The rest covers some quick nifty commands and optimizations that are still to be proven useful. Furthermore, the /bash
directory also has some scripts to run rocprofv3
and omnitrace
profilers.
The login node has no software that we can use to train our models. On LUMI, singularity containers are used and these can be found in the folder: /appl/local/containers/sif-images/
. We care only about the JAX one located at /appl/local/containers/sif-images/lumi-jax-rocm-6.2.0-python-3.12-jax-0.4.28.sif
. We should expect updates so the paths can change in the future. But in general, we need a singularity container with the correct ROCM drivers and a JAX installation built. So far it seems that JAX is built from source by people working for LUMI. So, whatever we do, we NEVER update or change the jax
and jaxlib
installations.
In the following we will setup a virtual environment for our python code. This needs to be done within the container we are going to use.

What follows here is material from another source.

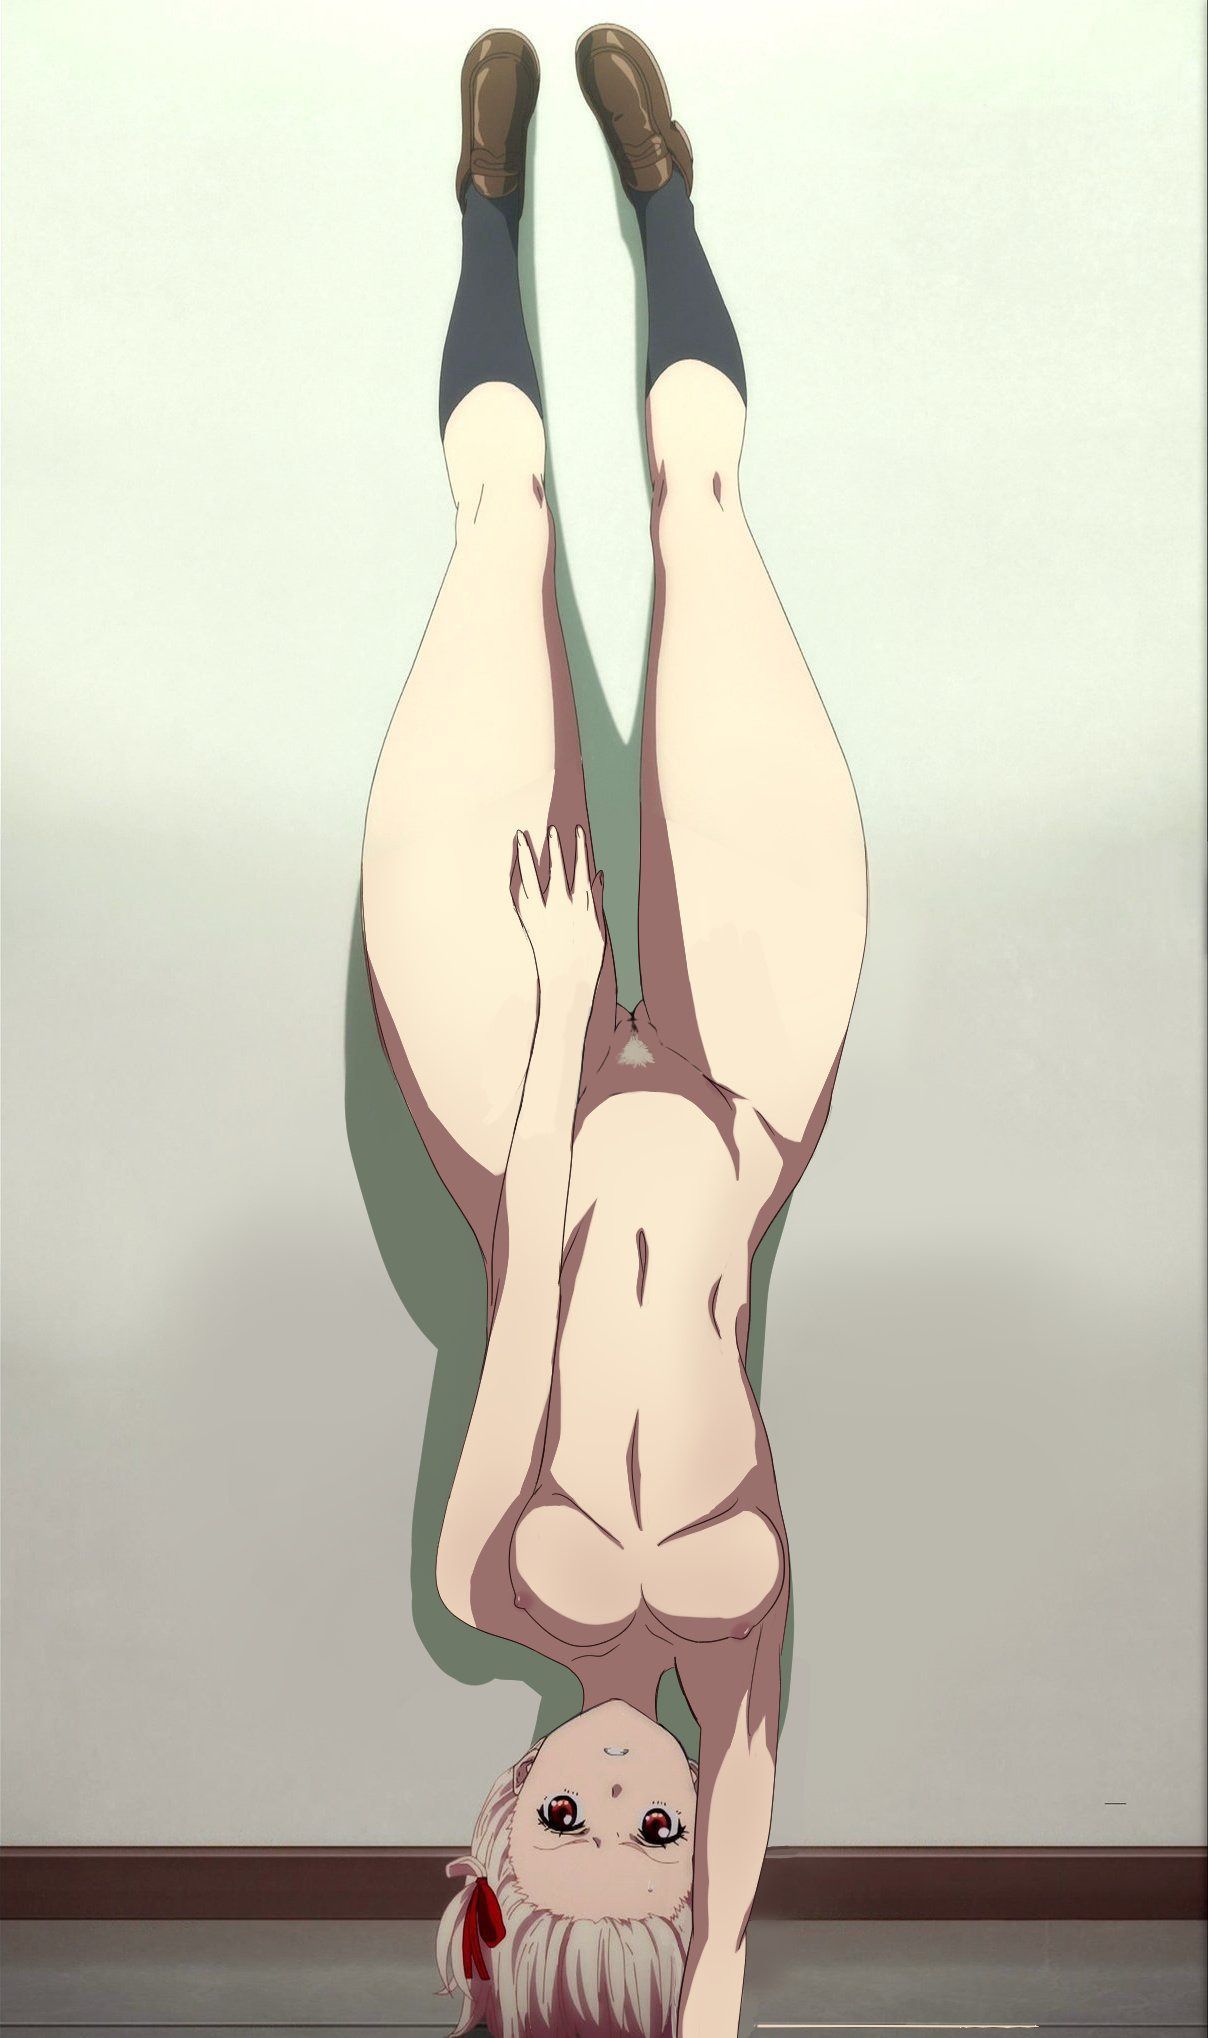 【Peel Korra】 Mass Drop of Stripped Kora Images of Official Anime Drawings Part 517 7

module use /appl/local/training/modules/AI-20240529/
module load singularity-userfilesystems/default
singularity shell /appl/local/containers/sif-images/lumi-jax-rocm-6.2.0-python-3.12-jax-0.4.28.sif
First line will load: cotainr
, singularity-bindings
, singularity-userfilesystems
, cotainr_installation
, singularity-CPEbits
modules. I am not sure we need the cotainr
ones, but the other three setup the singularity container.
The second line binds our specific paths with singularity. So we can see our home and project folders.
We need to activate the Conda environment inside. Otherwise the installed JAX will not show:
$WITH_CONDA
With this command jax
and jaxlib
will be available. To use further pytrhon packages with our code, we have to create a python virtual environment and install the things inside. However, it is very important that we do NOT change the version of jax
and prohibit any library dependent on jax
to update it according to its dependency declarations. For this reason, once the virtual environment is created with the --system-site-packages
flag:
python3 -m venv /path/ --system-site-packages
we have to run:
pip install optax==0.2.2 flax==0.8.3 jax==0.4.28 #these should also be hardcoded like this in a requirements.txt file
which will make sure to install flax
and optax
that are compatible with the jax
version 0.4.28. For some weird reason we still need to pass jax==0.4.28
to really make sure we don't update jax
. Then we can go on installing stuff that is independent of jax
by
pip install -r requirements.txt
or
pip install .
with or without the editable flag -e
. Assuming you're working from inside a root of a python package.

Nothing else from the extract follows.